Para Kissinger, en su recorrido mundial, el arquetipo o modelo de orden vendría a ser la Paz de Westfalia de 1648 –sobre la cual se edificó un sistema de relaciones internacionales basado en el equilibrio de poderes desligados de toda autoridad supranacional–. Así concluye, en su análisis exhaustivo, que las condiciones sociopolíticas en la vieja Europa de mediados del Siglo XVII se parecen –guardando las diferencias del caso– a las de nuestro mundo actual: una multiplicidad de unidades políticas, ninguna lo suficientemente poderosa como para derrotar a todas las demás, muchas adheridas a filosofías contradictorias y prácticas internas, en búsqueda de normas neutrales para asegurar su conducta y mitigar conflictos. Westfalia será para Kissinger un proemio de la modernidad, acentuado en lo “práctico y ecuménico”, un afán de establecer el orden sobre la base de la multiplicidad y la moderación –a mediados del Siglo XX, ya ese sistema internacional se encontraba en vigor en todos los continentes–. El tema da para mucho más y no es posible siquiera delinearlo en toda su extensión, en el breve espacio de opinión que aquí nos ocupa. Volveremos sobre ello.

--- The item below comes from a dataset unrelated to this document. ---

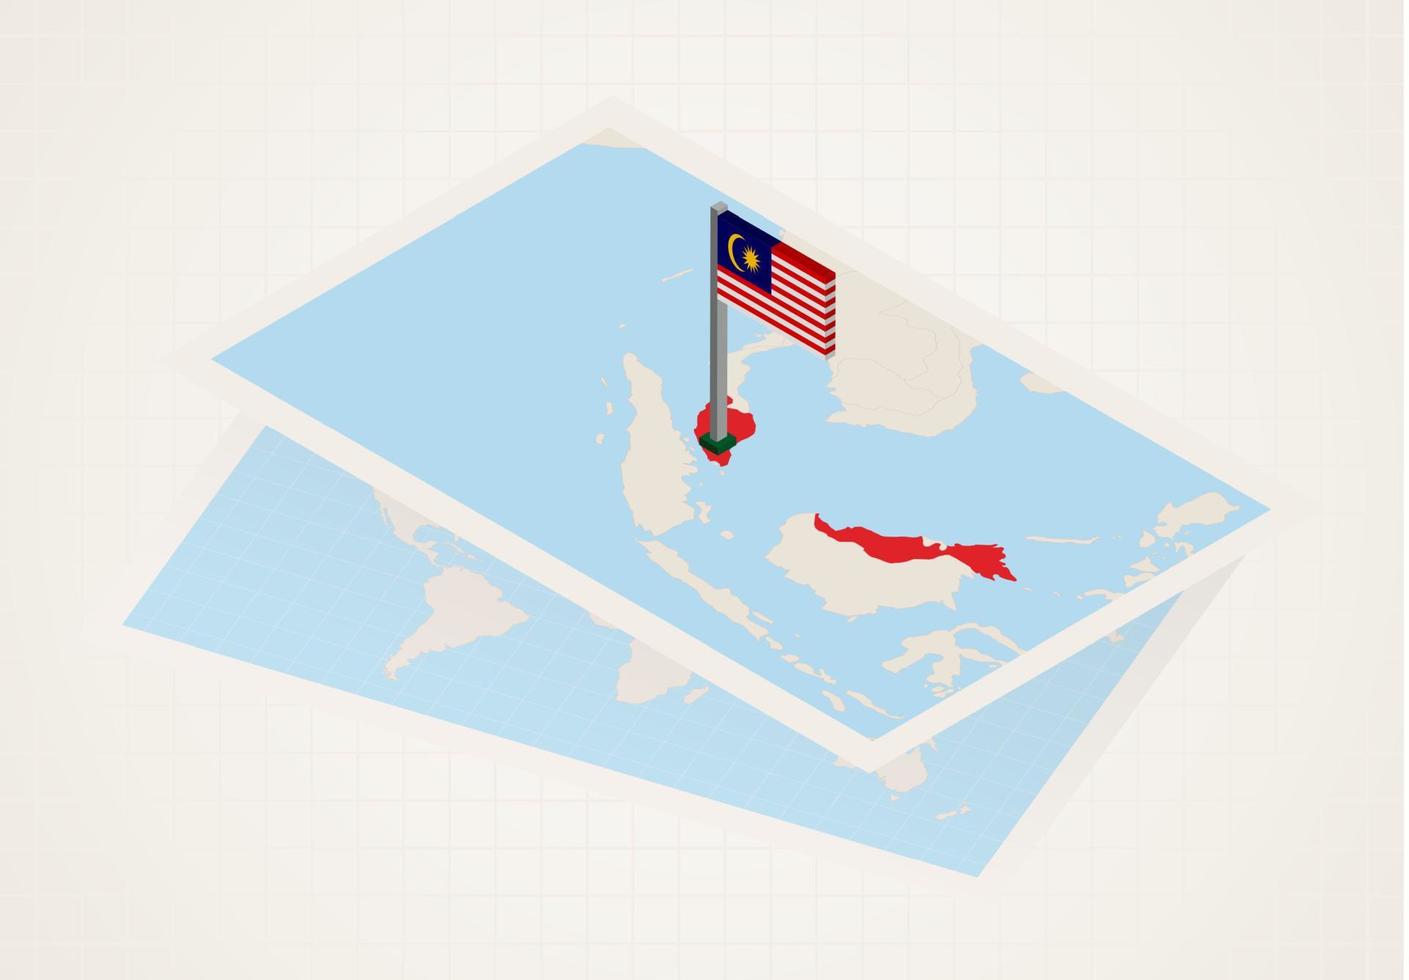 malaisie sélectionnée sur la carte avec le drapeau isométrique de la malaisie. vecteur
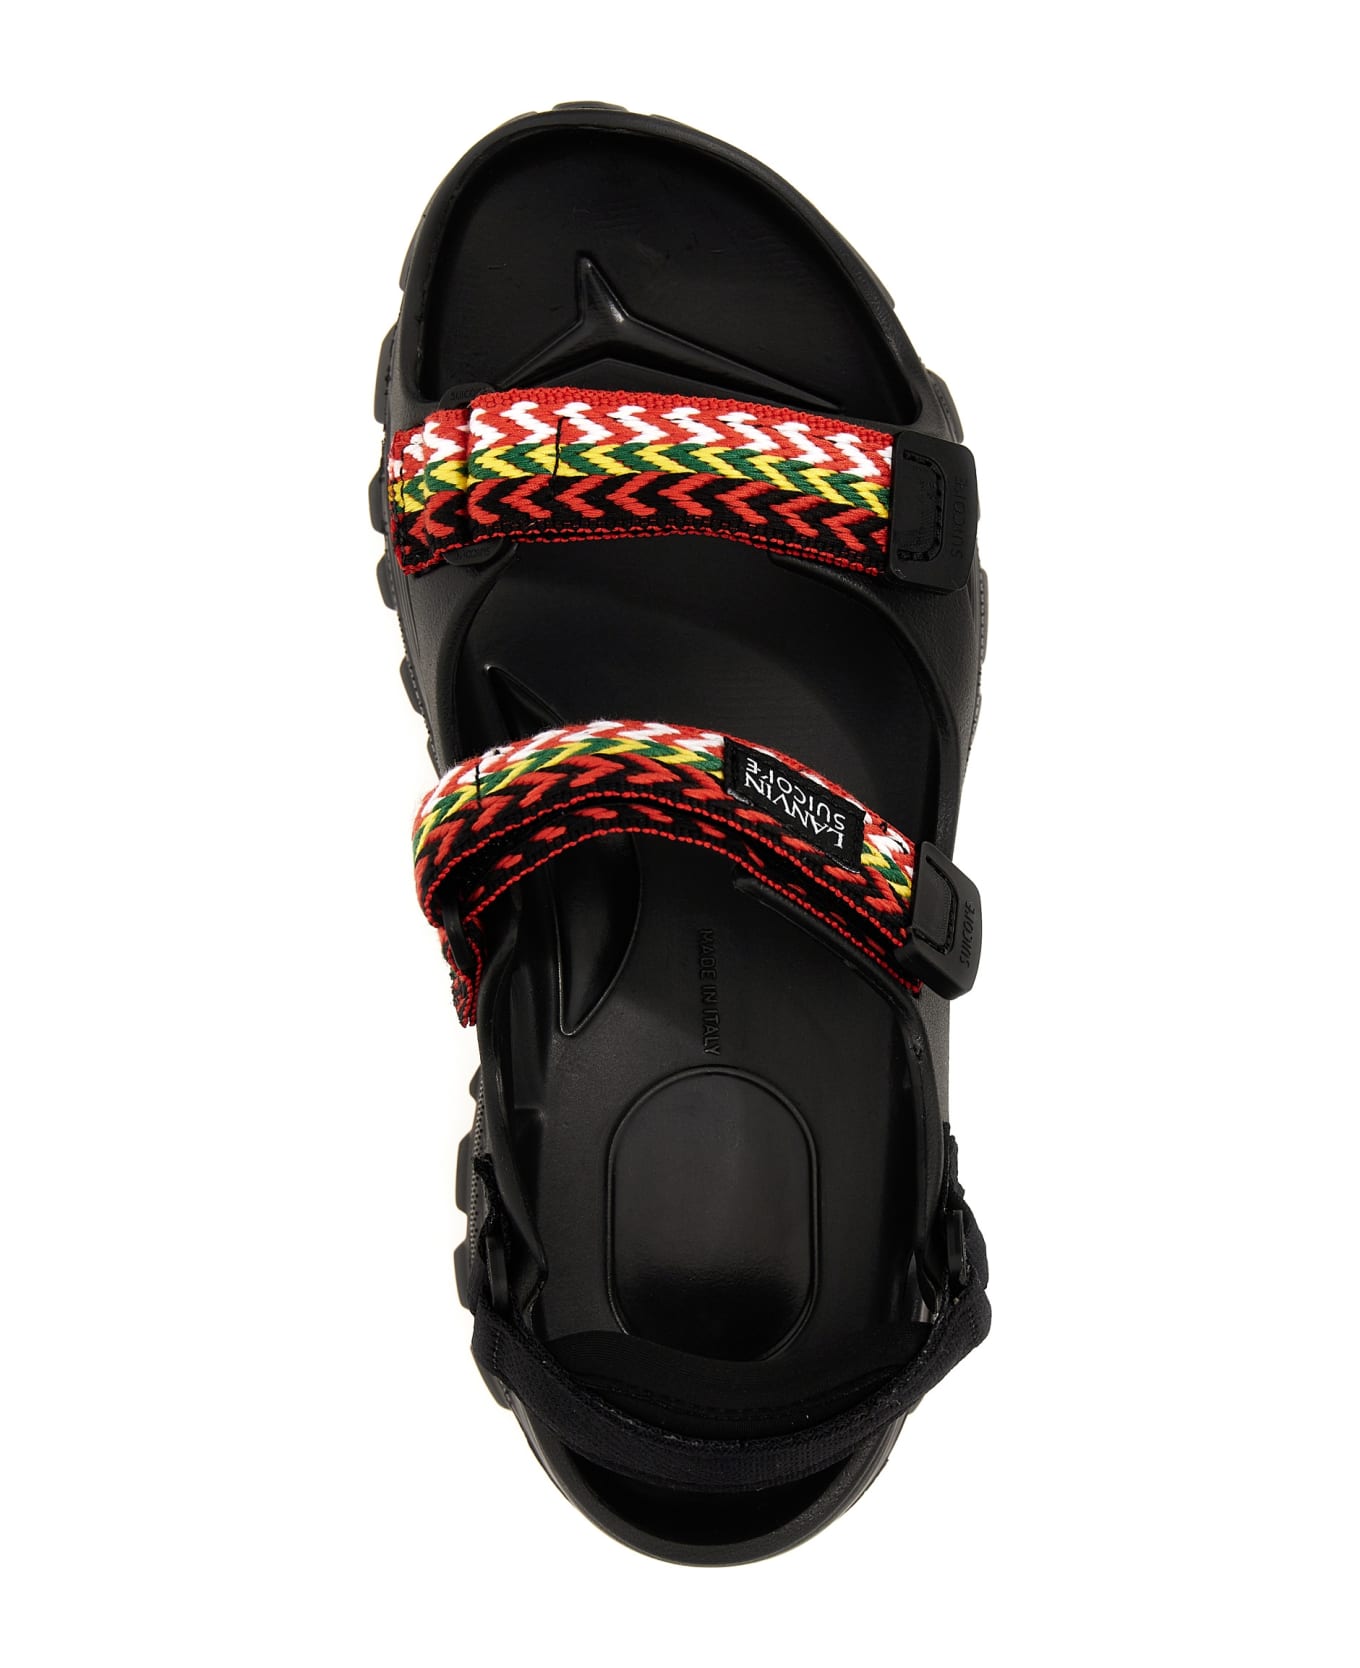 Lanvin 'wave Curb Laces' Lanvin X Suicoke Sandals - Black

Conocí al doctor Henry Kissinger en mis años del Servicio Exterior de la República, mientras me desempeñaba como cónsul general de Venezuela en Nueva York –para entonces dirigía junto a nuestro amigo Alan Batkin, la firma de consultoría geopolítica Kissinger Associates–. Siempre amable y generoso con su tiempo, nos ilustraba en su experiencia vital –vaya privilegio el nuestro–, mientras dejaba caer sus juicios y reflexiones acerca de la actualidad mundial y en particular sobre los temas hemisféricos de mayor interés –Venezuela, obviamente, entre ellos–. También le vimos y oímos repetidas veces en eventos organizados por la Americas Society y el Council on Foreign Relations.

Con un siglo a cuestas y notables signos de lucidez hasta los últimos días, se ha ido el doctor Kissinger de nuestro mundo temporal, dejándonos una obra intelectual de singulares contornos, ampliamente reconocida y divulgada sobre los cuatro puntos cardinales de la geografía universal, tanto como aciertos y errores en su paso por la diplomacia norteamericana –como cualquier ser humano, alternó entre la fortuna y la controversia, el aplauso y la más severa de las críticas–, y la asesoría estratégica en materia económica y política a numerosos gobiernos y empresarios del ámbito público y privado. Como bien decía Lawrence H. Summers –exsecretario del Tesoro durante la administración Clinton–, Kissinger veía el mundo como era, no como él quería que fuese. Más allá del imprescindible debate, sus enjundiosos estudios e ideas propias quedan como testimonio palpable de una de las mentes más potentes y fecundas de nuestro tiempo.